I thought I'd check with other SQL experts to see if there's a better way to do this using some weird JOINS or UNIONS or something which would still be performant with millions of users.
I think you're better off using a simpler model with a "ParentID" on Comment to allow for nesting comments. I don't think it's usually a good practice to use datetimes as keys, especially in this case, where you don't really need to, and an identity ID will be sufficient. Here's a basic example that might work:
Post
----
ID (PK)
Timestamp
UserID (FK)
Text
Comment
-------
ID (PK)
Timestamp
PostID (FK)
ParentCommentID (FK nullable) -- allows for nested comments
Text
Do you want people to be able to comment on other comments, i.e. does the tree have infinite depth?
If you just want to have posts and then comments on those posts then you were on the right lines to start with and I believe the following SQL would meet that requirement (Untested so may be typos)
SELECT posts.id,
posts.posted AS posted_at,
posts.userid AS posted_by,
posts.posterid,
posts.comment AS post_text,
comments.posted AS commented_at,
comments.userid AS commented_by,
comments.comment AS comment_text
FROM wallposts AS posts
LEFT OUTER JOIN wallposts AS comments ON comments.parent_id = posts.id
ORDER BY posts.posted, comments.posted
This technique, a self-join, simply joins the table to itself using table aliases to specify the joins.
You should look into "nested sets". They allow retrieving a hierarchy very easily with a single query.
Here's an article about them
If you are using SQL server 2008, it has built-in support for it through the "hierarchyID" type.
Inserts and updates are more costly and complicated if you don't have the built in support), but querying is much faster and easier.
EDIT:
Damn, missed the part where you already knew about it. (was checking from a mobile phone).
If we stick to your table design … I think you would need some special value in the parentid column to separate original posts from comments (maybe just NULL, if you change definition of that column to nullable).
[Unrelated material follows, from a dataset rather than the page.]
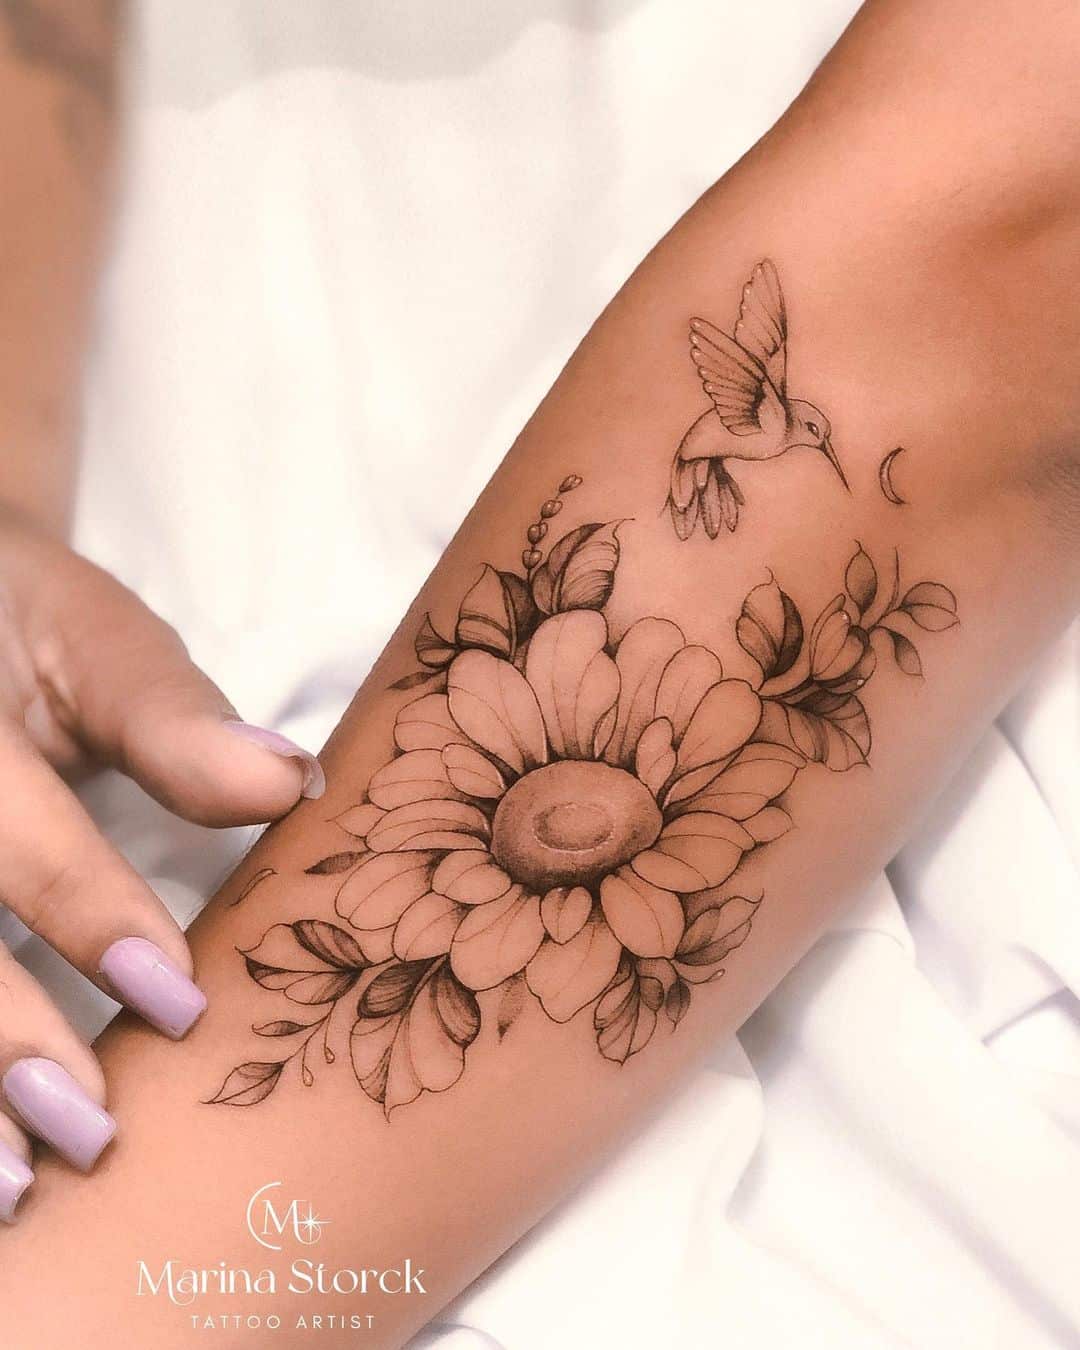 Fineline sunflower tattoo with bird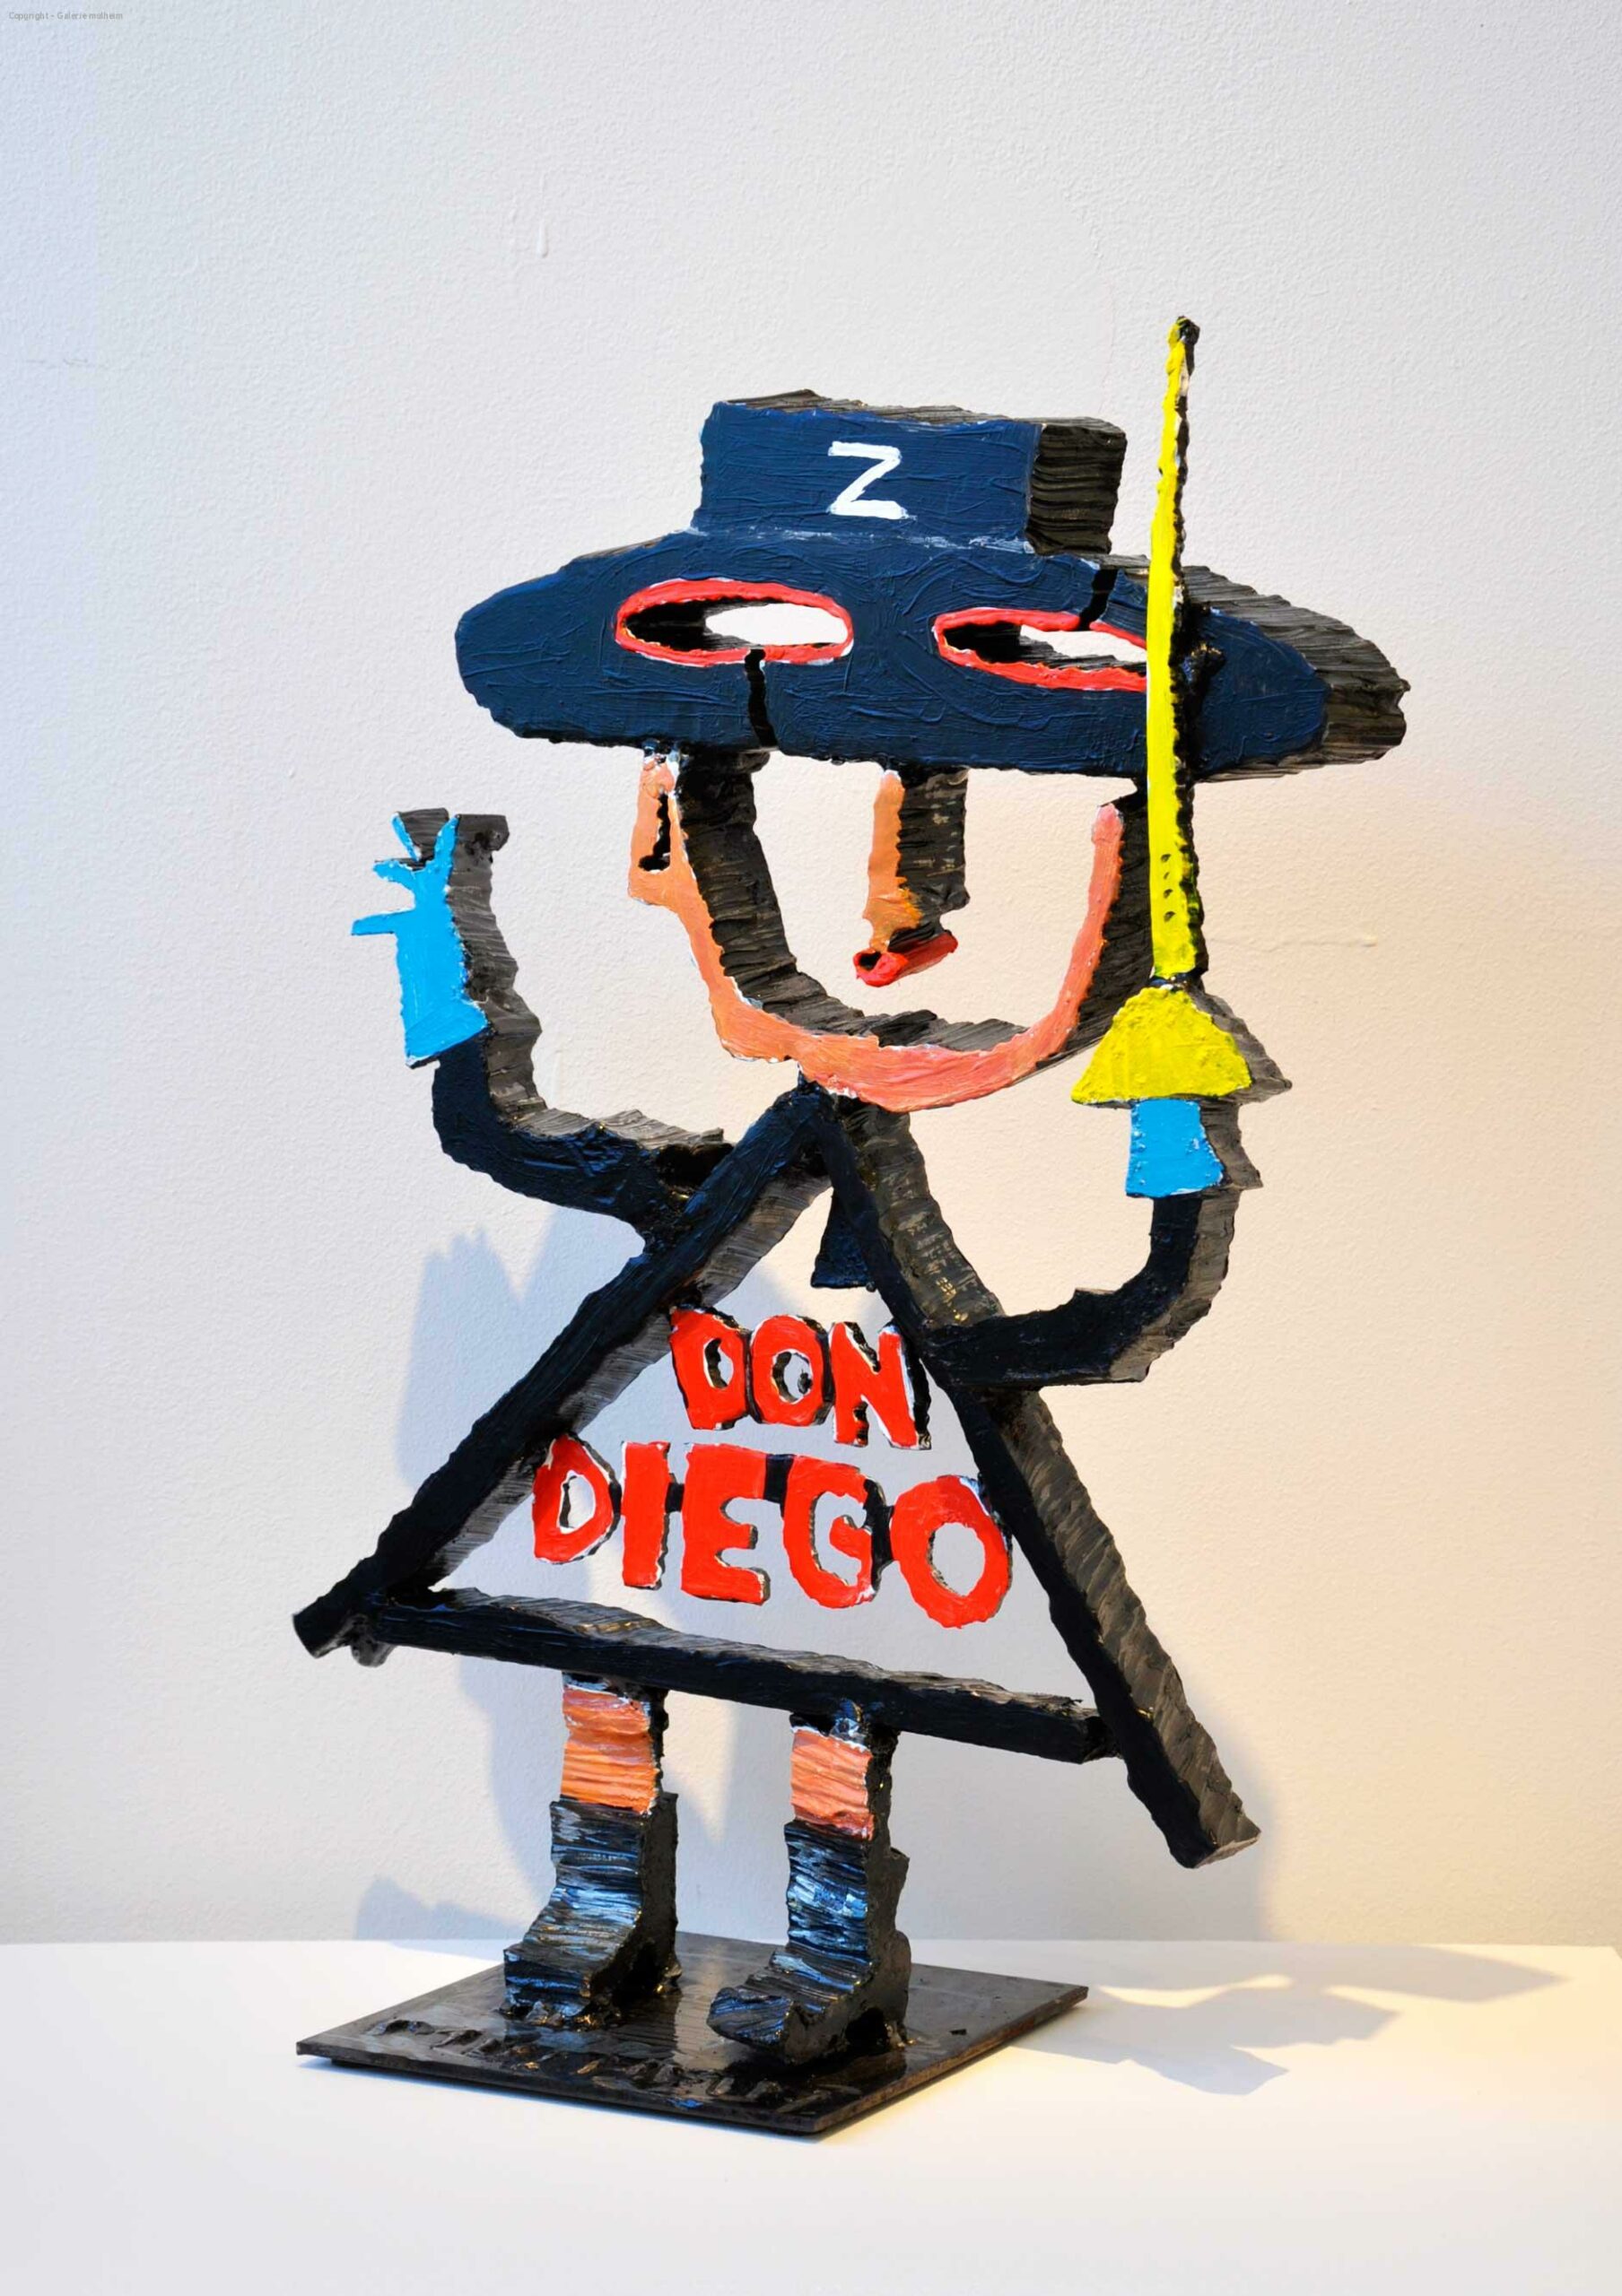 Z Don Diego - Sculpture en acier peint - Hauteur 45 cm

Then, self-join will work. Something like this:
SELECT posts.comment as [Original Post],
comments.comment as Comment
FROM wallposts AS posts
LEFT OUTER JOIN wallposts AS comments
ON posts.id=comments.parentID
WHERE posts.parentID IS NULL
ORDER BY posts.posted, comments.posted
The result set shows Original Post before every comment, and has the right order.
(This was done using SQL Server, so I'm not sure if it works in your environment.)